The other data sets that have been given are from economic.csv. The data set has many

variables that are related to wage growth. The data set consists of 6 columns and around 49 rows.

The columns are the particular variable, and the rows are the different values of historical data

sets for wage growth, given the specific variables being compared. We were asked to evaluate

the wage growth of 49 historical data sets entries, given their data sets, to develop a regression

model for predicting wage growth.

The variables used to determine wage growth rate are inflation, unemployment rate, the

economy in recession or not in recession, and GDP growth rate as response variables.

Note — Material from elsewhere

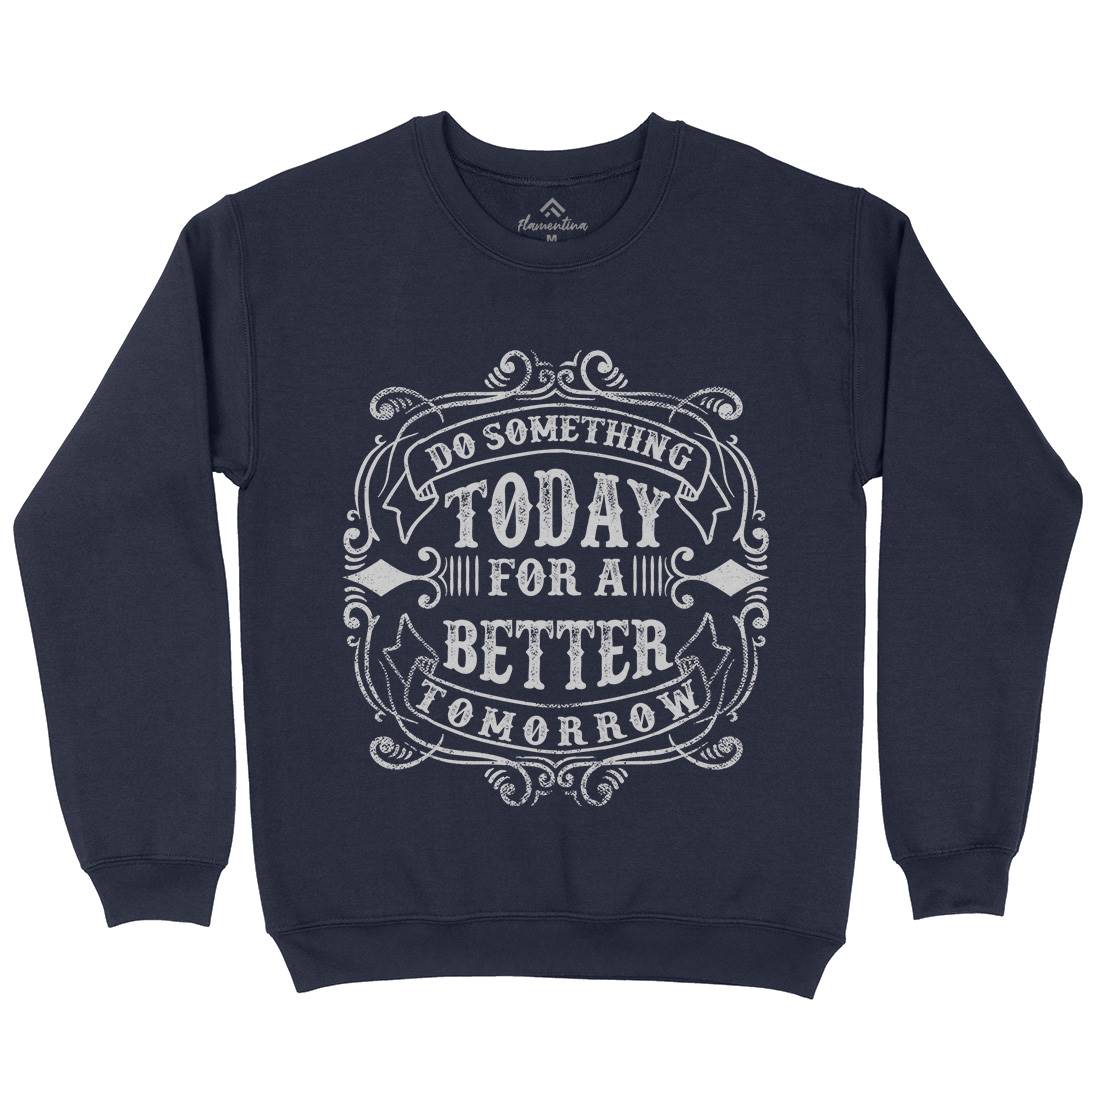 Do Something Today Kids Crew Neck Sweatshirt Quotes C923

3. Classification Decision Tree

Reporting Results

What is the training set and testing set? The training set is the data used to train the decision

tree model, and then once the model is trained, we use the testing set to test that data. However,

why do we want to split the original data into training and testing data sets? The main reason is

the disadvantages that decision trees have is that they can overfit. If the data set is used to train

those models and produce a decision tree model that fits the training data sets well; However, if

it works it so well, it has biased and does not perform well on any future data sets. The decision

tree does not generalize very well and goes around this overfitting issue, and we can use the

training set to train the model. Then we are asked to split the credit card default data set into

training and validation sets using 70% and 30% split

In the original data set of the credit_card_default.csv there are 601 data set values. There are 420

number rows for the training set and 180 number rows for the validation set.

Constructing a decision tree classification is extremely important when knowing what variables

need to be taken to decide the algorithm. We are asked to create a classification decision tree for

credit default using variables using missed payment, credit utilization, and assets as predictors.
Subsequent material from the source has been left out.